--- DATA BELOW Enclosed Below ---
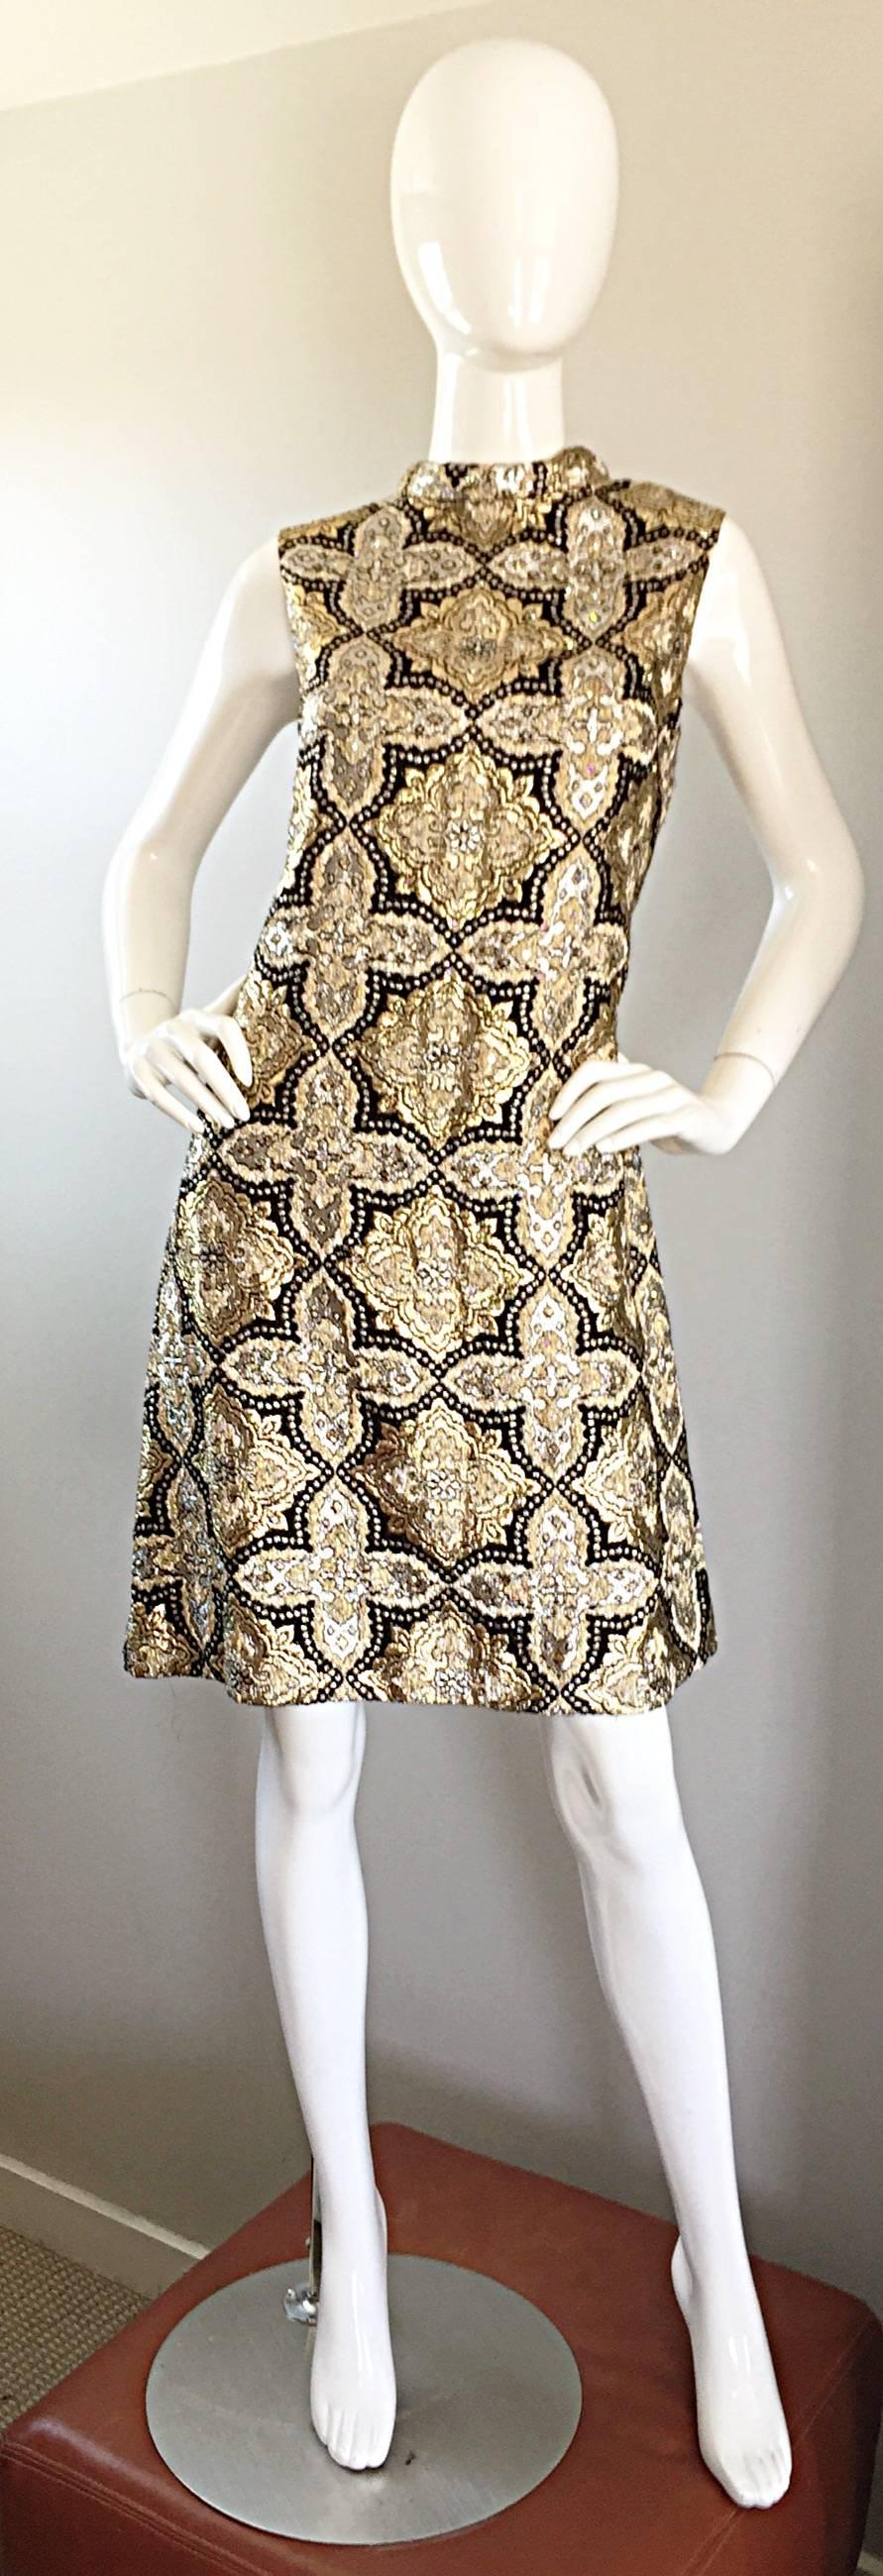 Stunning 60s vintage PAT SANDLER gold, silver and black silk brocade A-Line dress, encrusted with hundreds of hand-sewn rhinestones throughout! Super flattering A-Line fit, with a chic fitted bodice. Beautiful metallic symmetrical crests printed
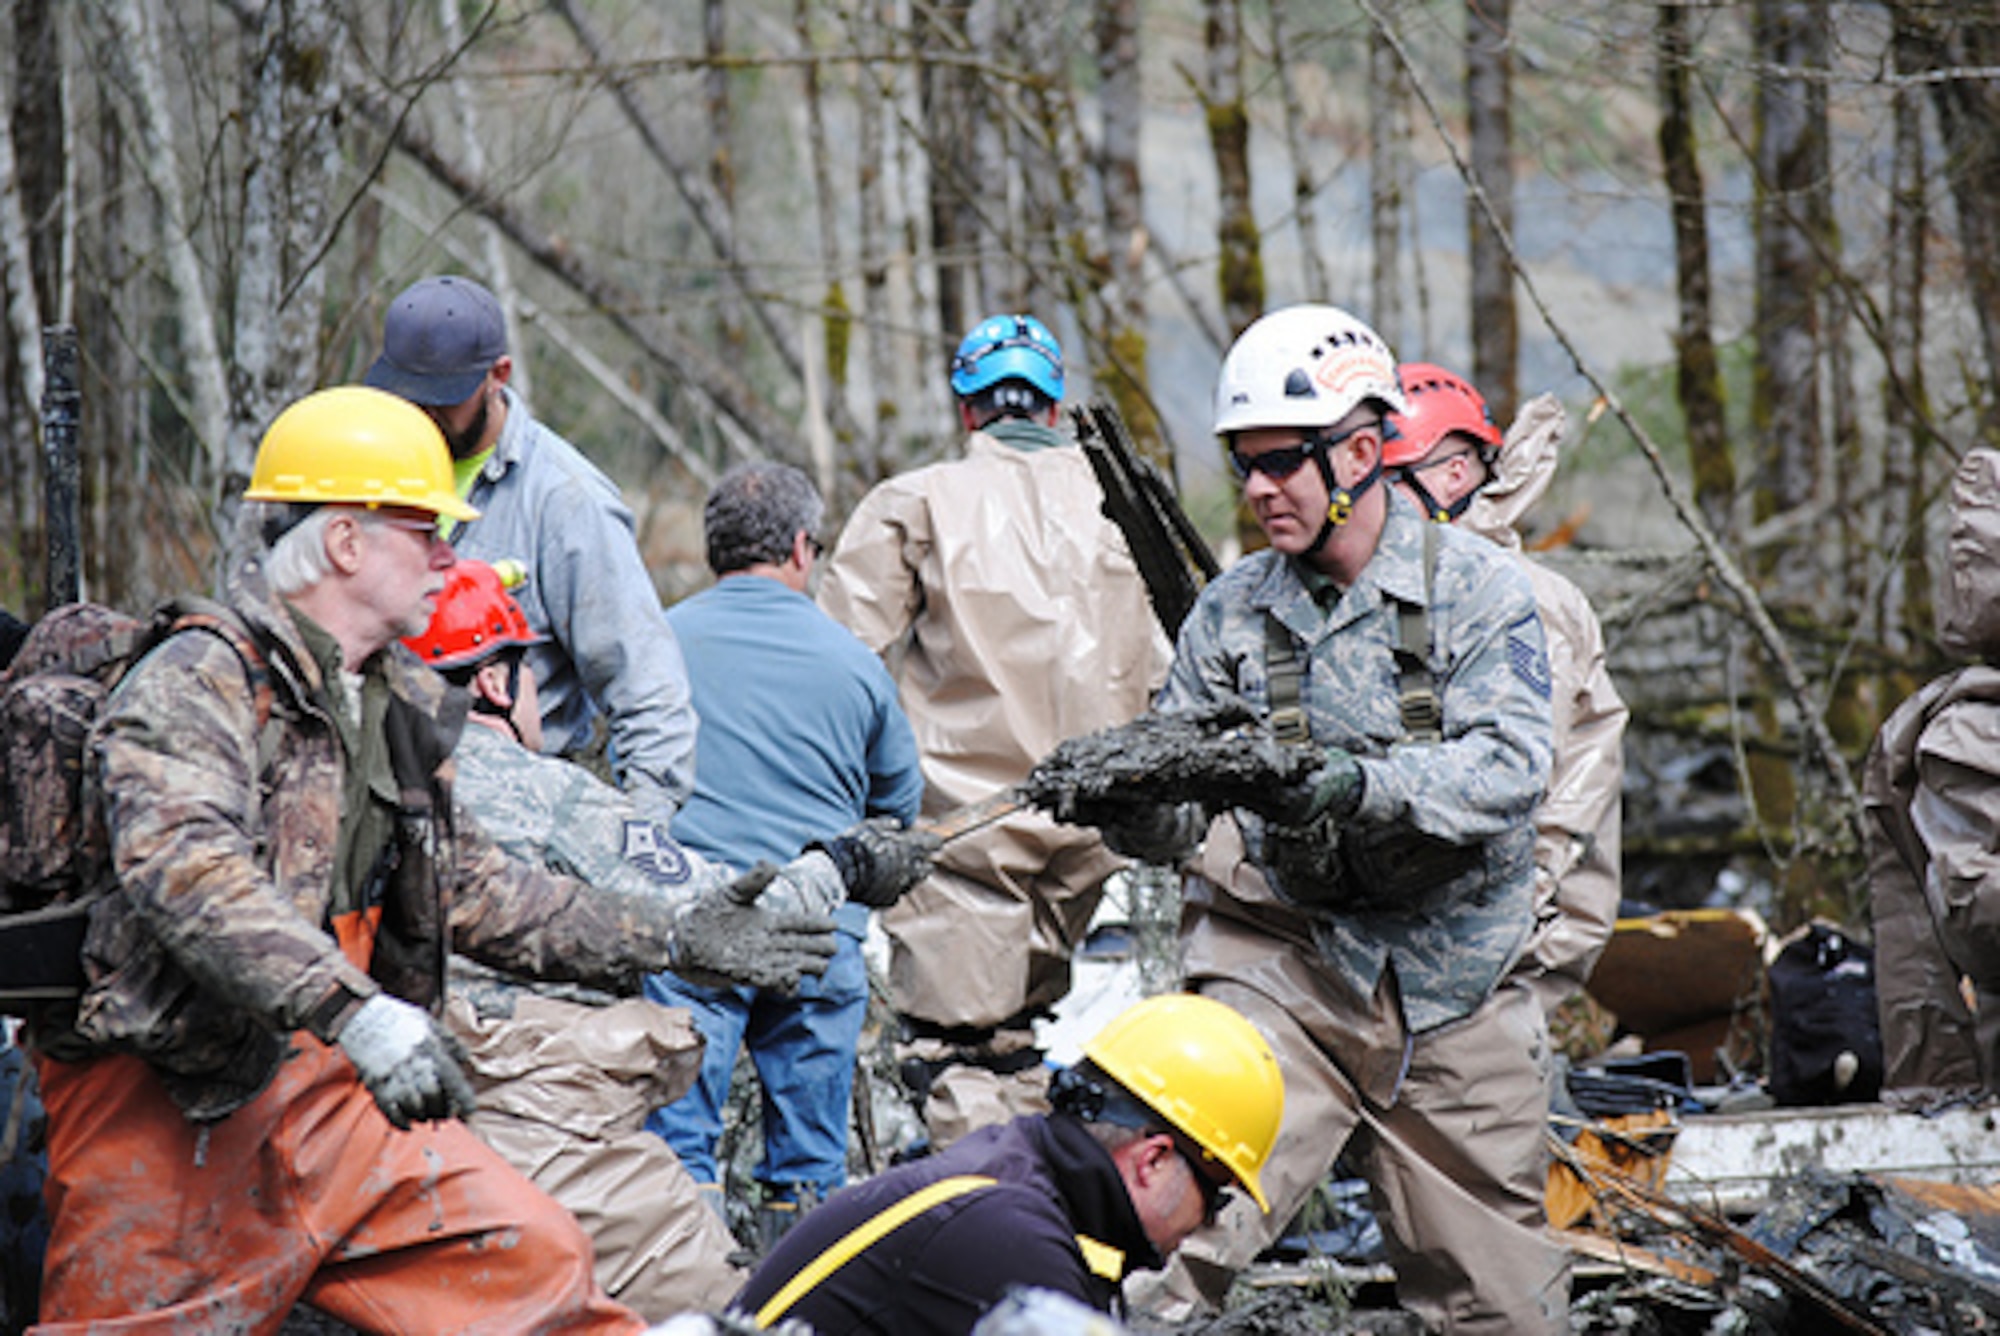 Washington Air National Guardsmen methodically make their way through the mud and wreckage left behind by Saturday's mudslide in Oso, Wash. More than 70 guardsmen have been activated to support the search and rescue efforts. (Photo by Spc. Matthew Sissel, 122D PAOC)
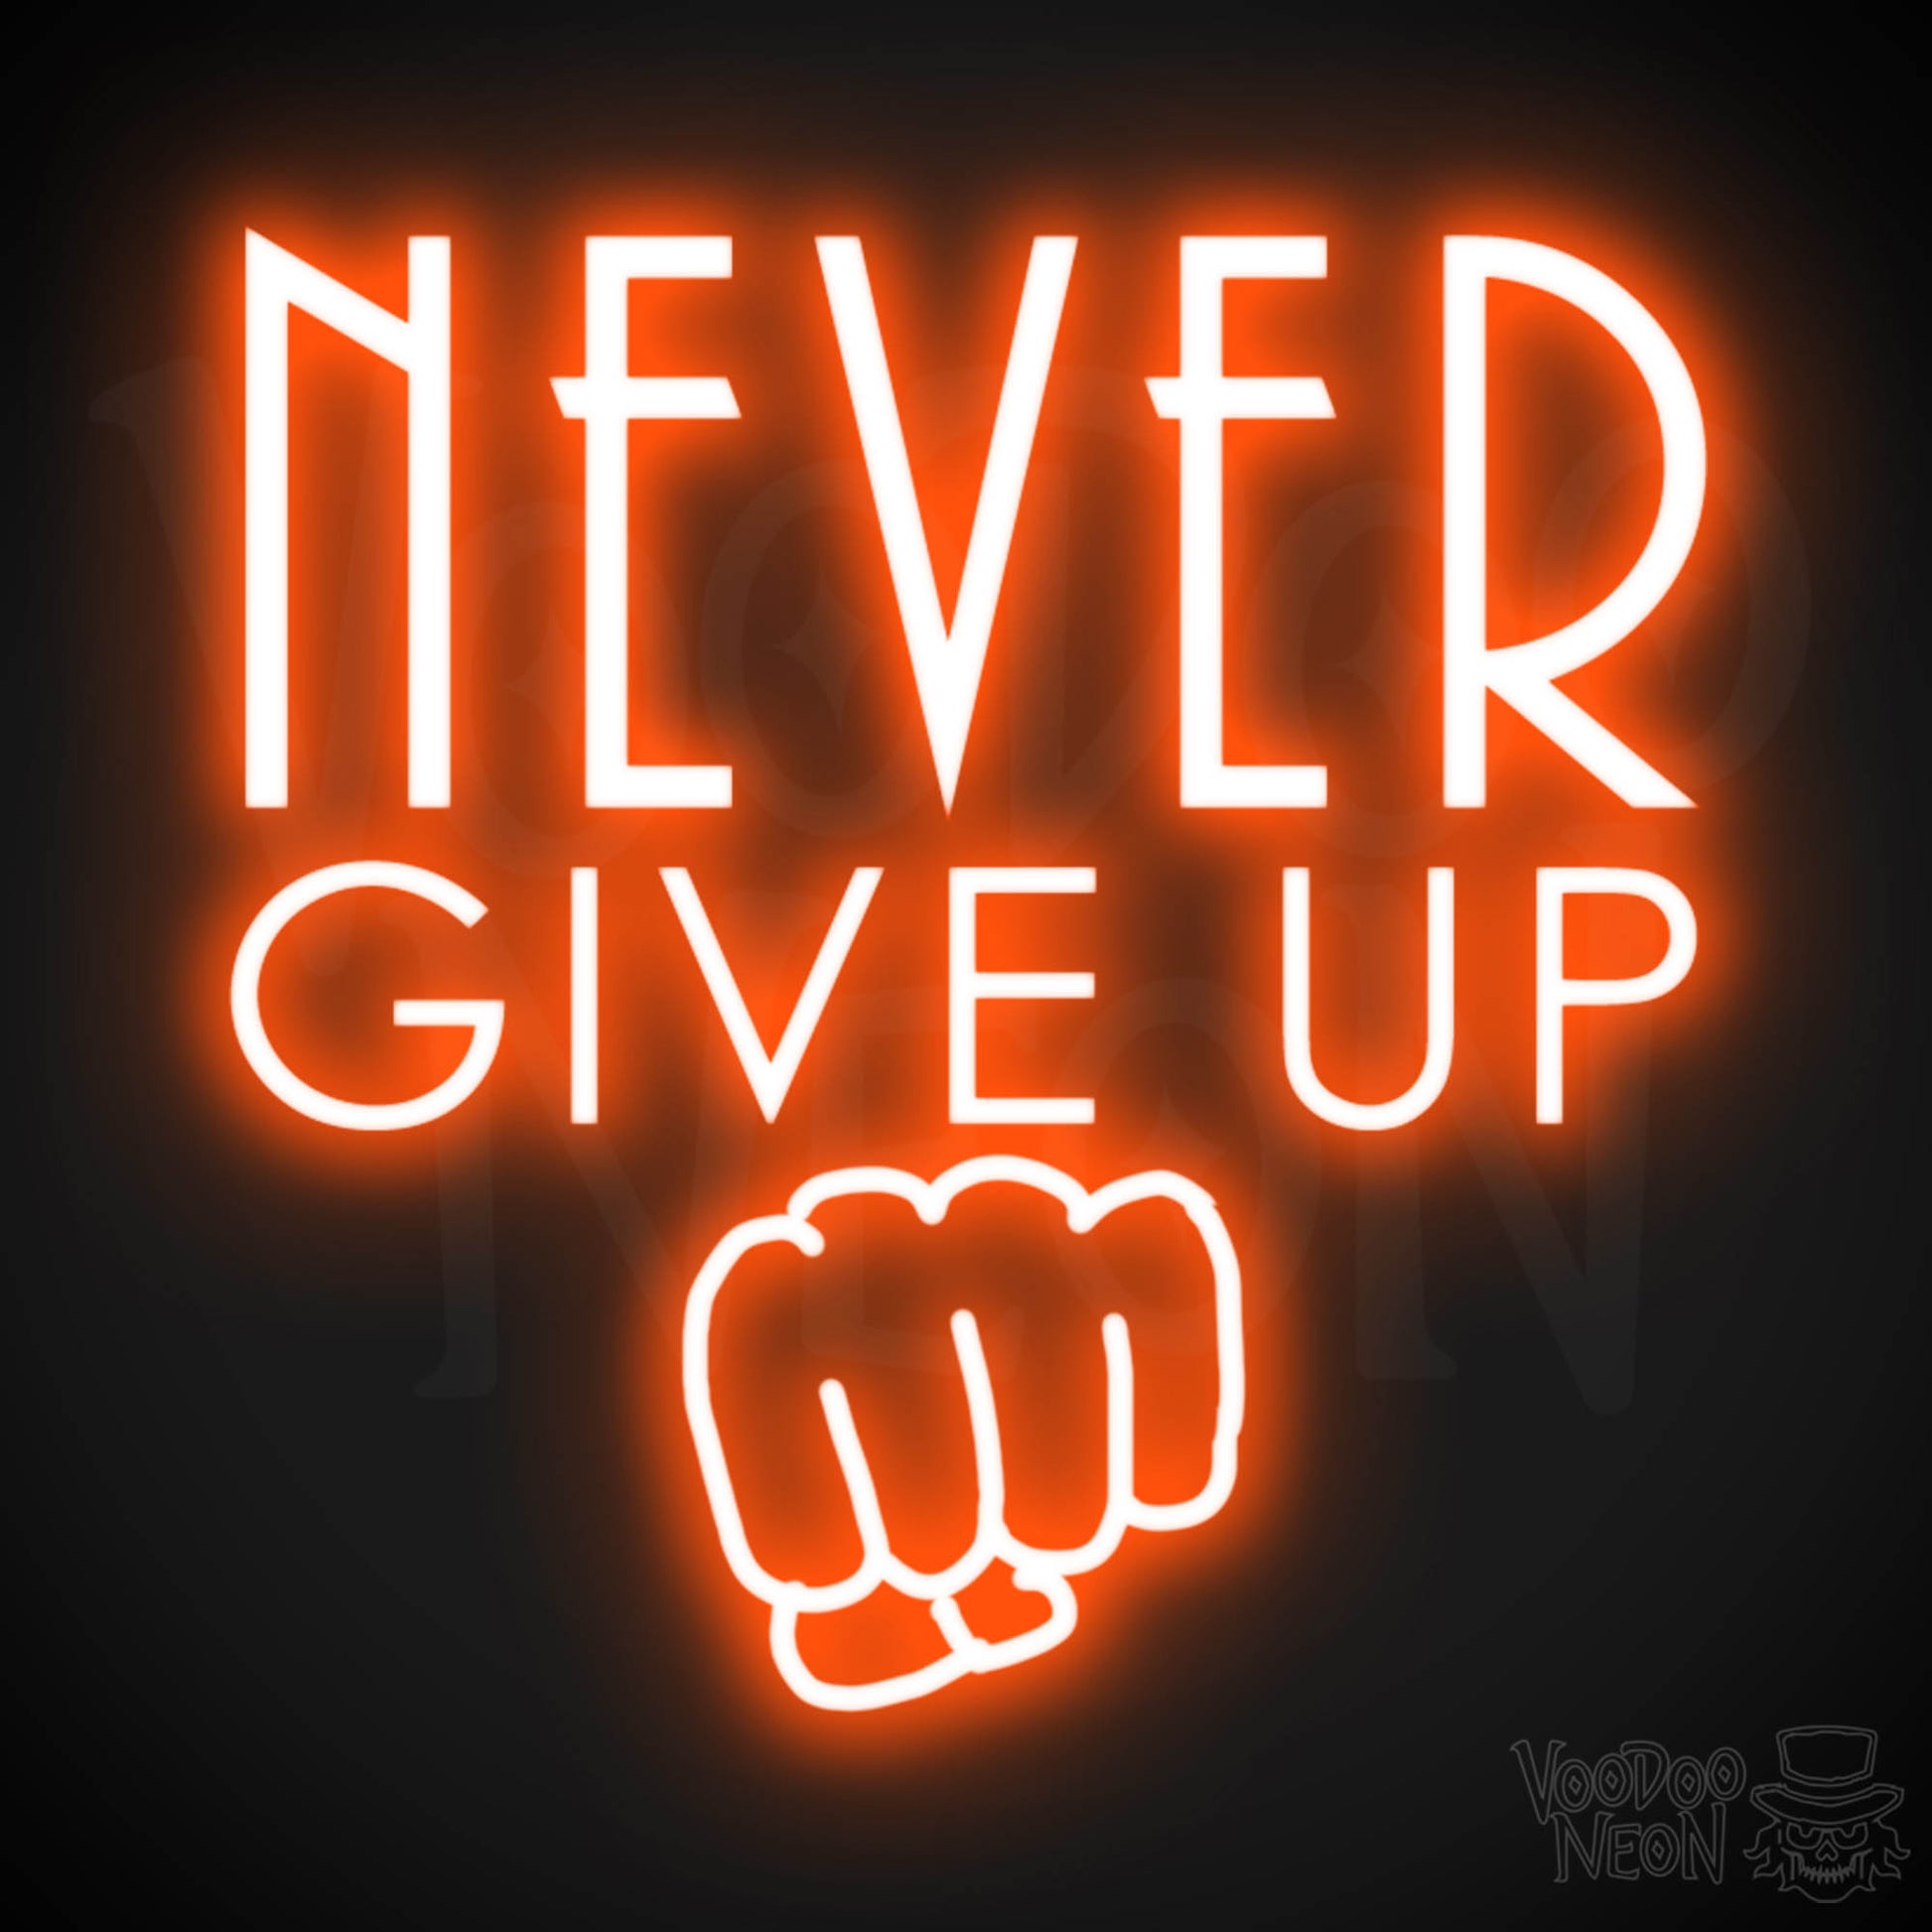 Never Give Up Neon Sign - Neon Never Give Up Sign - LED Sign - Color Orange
--- End of Enclosed DATA BELOW ---
- [BRIEF] Each line of the listing must be restated word for word, and the pictures left out.

- [RESULT OF THE EXERCISE]
 Stunning 60s vintage PAT SANDLER gold, silver and black silk brocade A-Line dress, encrusted with hundreds of hand-sewn rhinestones throughout! Super flattering A-Line fit, with a chic fitted bodice. Beautiful metallic symmetrical crests printed
 Washington Air National Guardsmen methodically make their way through the mud and wreckage left behind by Saturday's mudslide in Oso, Wash. More than 70 guardsmen have been activated to support the search and rescue efforts. (Photo by Spc. Matthew Sissel, 122D PAOC)
 Never Give Up Neon Sign - Neon Never Give Up Sign - LED Sign - Color Orange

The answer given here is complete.